Marcia Jean Hafif was an American artist known for her contributions to the Minimalist and Conceptual art movements. She began her artistic career in the 1950s, exploring various mediums and styles before finding her distinctive voice.
Hafif's work often focused on the exploration of color, light, and the essence of materials. She was particularly interested in the interplay between perception, process, and the physicality of paint. In the 1970s, Hafif embarked on her groundbreaking series titled "The Inventory," where she meticulously painted a series of monochromatic works, each dedicated to exploring a specific color. These paintings emphasized the qualities and variations of a single hue, challenging traditional notions of representation and expanding the possibilities of color as a subject matter.

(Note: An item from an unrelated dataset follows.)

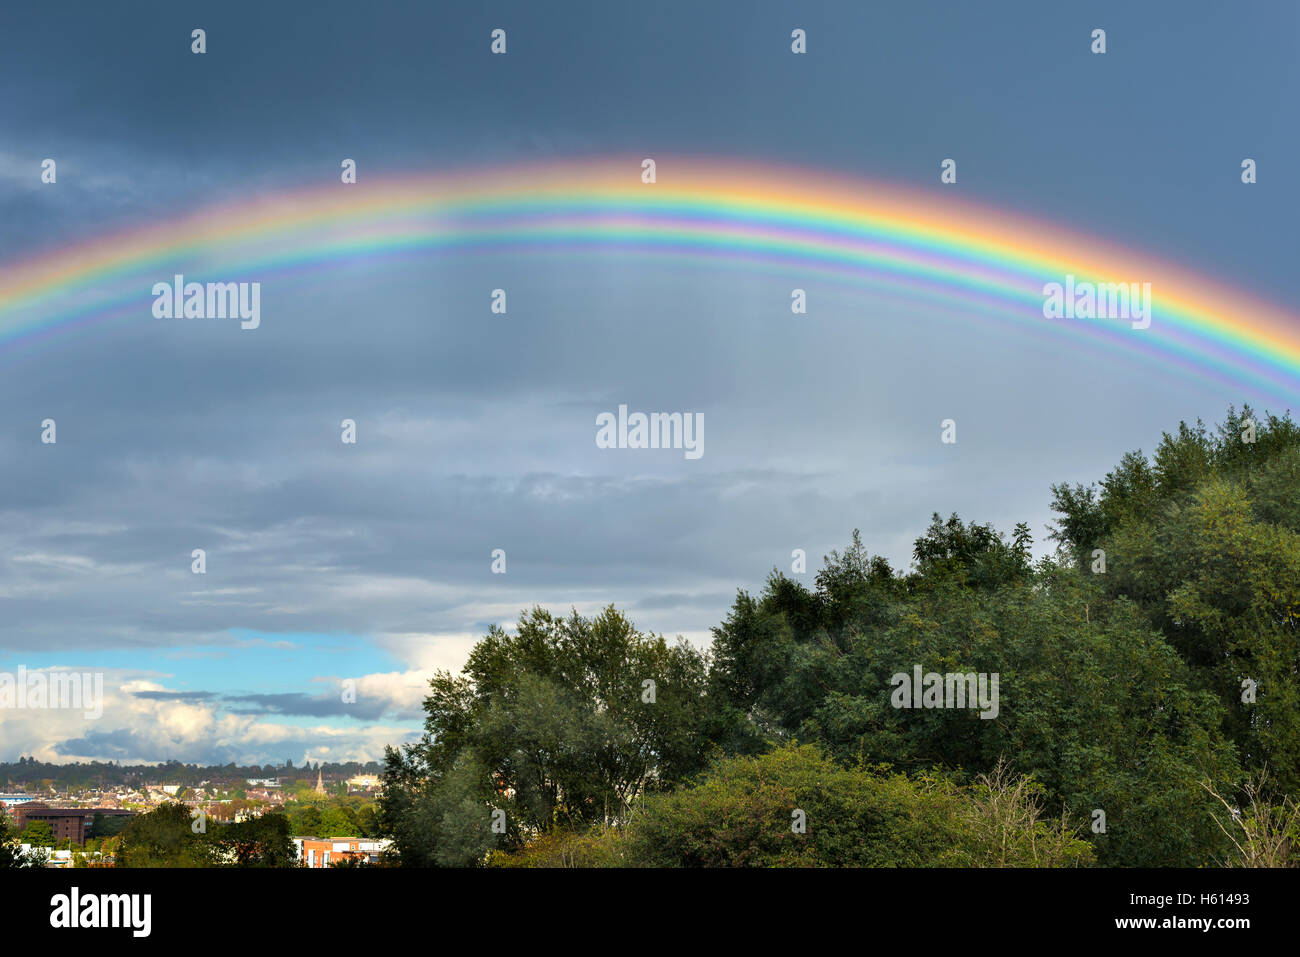 Raro y extraño múltiples arco iris sobre una ciudad inglesa Foto de stock

Later in her career, Hafif extended her exploration of color to include a broader range of media, such as photography, film, sound, text, installation, and printmaking. She continued to push boundaries and experiment with different materials and processes, always striving to deepen her understanding of color's impact on perception and experience.


Peter Halley is an American artist and a central figure in the Neo-Conceptualist movement of the 1980s. Known for his Day-Glo geometric paintings, Halley is also a writer, the former publisher of index Magazine, and a teacher; he served as director of graduate studies in painting and printmaking at the Yale University School of Art from 2002 to 2011. Halley lives and works in New York City.


Richard Art Hambleton was a Canadian artist known for his work as a street artist.He was a surviving member of a group that emerged from the New York City art scene during the booming art market of the 1980s, which also included Keith Haring and Jean-Michel Basquiat. While often associated with graffiti art, Hambleton considered himself a conceptual artist who made both public art and gallery works.